Turkey and Armenia previously attempted to normalise their relations in  2008 during the presidency of Abdullah Gül, when current president Erdoğan was serving as the country’s prime minister. Despite intense talks and reports of progress, the attempt failed, with no resumption of negotiations until the end of the Second Nagorno-Karabakh War. 

However, Giragosian believes that an opposition win could affect Turkey’s broader foreign policy, and so its interactions with Armenia’s international partners. 

‘The possible return of the opposition will likely return a degree of “normalcy” in Turkish foreign policy, reverting to its traditional ties to the West, and with the United States and NATO in particular, and embarking on a “course correction” in the Turkish relationship with Russia, moving Ankara much further away from Moscow’, says Giragosian.

Regardless of outcome, the reprecussions of the election on Armenia, including the economic impact, Giragosian says, are likely to be little to none. Armenia banned the import of Turkish products after the Second Nagorno-Karabakh War, early in 2021, but lifted the ban a year after, as the Armenian market struggled to find alternatives and the countries intensified talks on normalising relations and opening their shared border to citizens of third countries. 

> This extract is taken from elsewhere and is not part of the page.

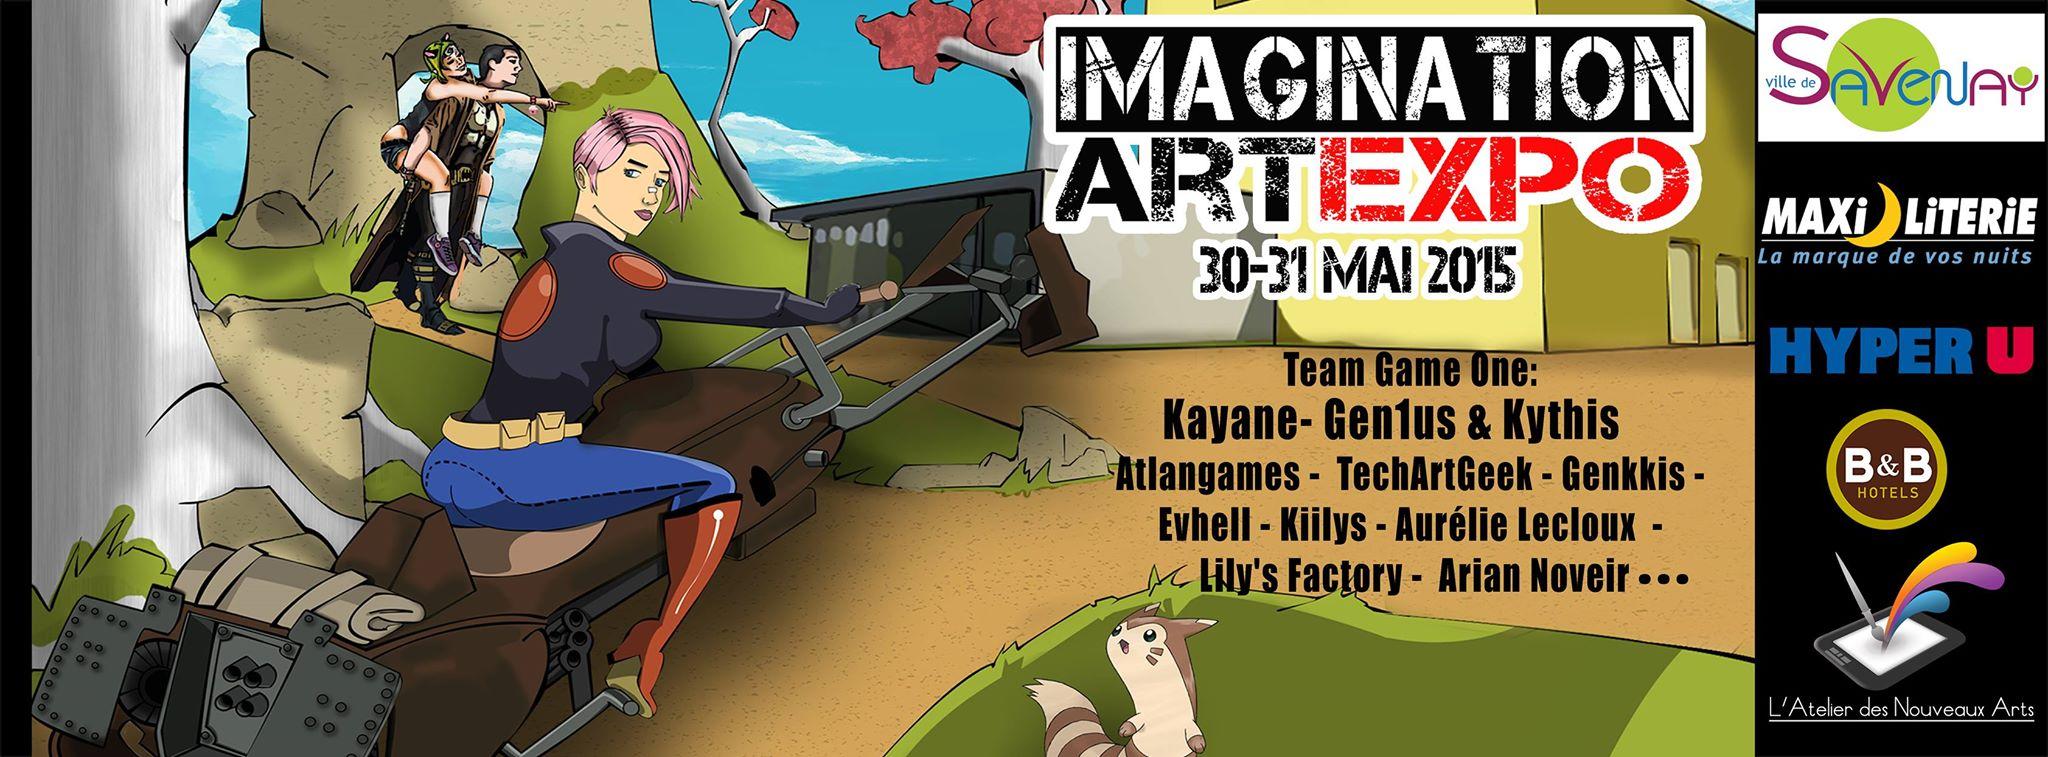 Affiche Imagination Art Expo

While some Turkish products are widespread in Armenia, their trade is conducted through Georgia, avoiding direct economic relations between Armenia and Turkey, and is unlikely to be affected by a change of political alignment. 

Georgia: ‘Only cosmetic changes’

The Georgian political experts and economists that OC Media spoke to were unanimous in their assessment that, no matter the outcome of the election, dramatic changes in Georgia and Turkey’s relations should not be expected. 

However, Kornely Kakachia, the founder of the Georgian Institute of Politics, told OC Media that while he anticipated only ‘cosmetic changes in foreign policy’ an opposition win, and corresponding change in Turkey’s relationship to NATO and the European Union, could have a significant impact on Georgia. 

‘The role of Turkey is very important for Georgia, especially when there is an aggressive Russia in our neighbourhood’, says Kakachia. ‘It is very important that we have strategic relations with Turkey, a member of NATO, because, in case of any complications, it could potentially play an important role’.

He adds that the Erdoğan government has formally supported Georgia joining NATO.

However, Kakachia notes that Turkey’s image has suffered both within Georgia and internationally as a result of Erdoğan’s ‘autocratic tendencies’.

‘If until now Turkey was thought of as a NATO member country, a part of the West, during the period of his rule, this idea is increasingly doubted, and today’s Turkey is seen from Tbilisi not as a part of the Western world, but as a Middle Eastern power state, which has slightly changed the image of Turkey in Georgia’.

He suggests that if Erdoğan loses the election, the opposition might try to improve transatlantic relations and get closer to the European Union, with the latter potentially playing ‘an important role’ in Georgia’s participation in European projects.  

Paata Aroshidze, an associate professor of economics at Shota Rustaveli State University of Batumi, told OC Media that a Kılıçdaroğlu victory would not change economic relations between the two countries.

Aroshidze notes that Turkey has often been Georgia’s largest trade partner. 

‘The main connection between us is the energy partnership and the joint involvement of Georgia and Turkey in international projects, which NATO and the European Union strengthen’, says Aroshidze. 

‘[In terms of strategic partnership], I cannot say that anything will change if Erdoğan stays or his opponent comes, because the oil supply of not one or two countries, but the whole of Europe, depends on [joint] energy projects’.

He also draws attention to the visa-free regime between Georgia and Turkey, and the fact that large numbers of Georgian citizens are employed in Turkey which, according to him, is another example of how important economic relations between the two countries are.

Kakachia summarises his view on the matter succinctly. 

‘Turkey has always been pragmatic in relation to Georgia’, adds Kakachia. ‘These good neighbourly relations will probably remain [no matter who wins]’.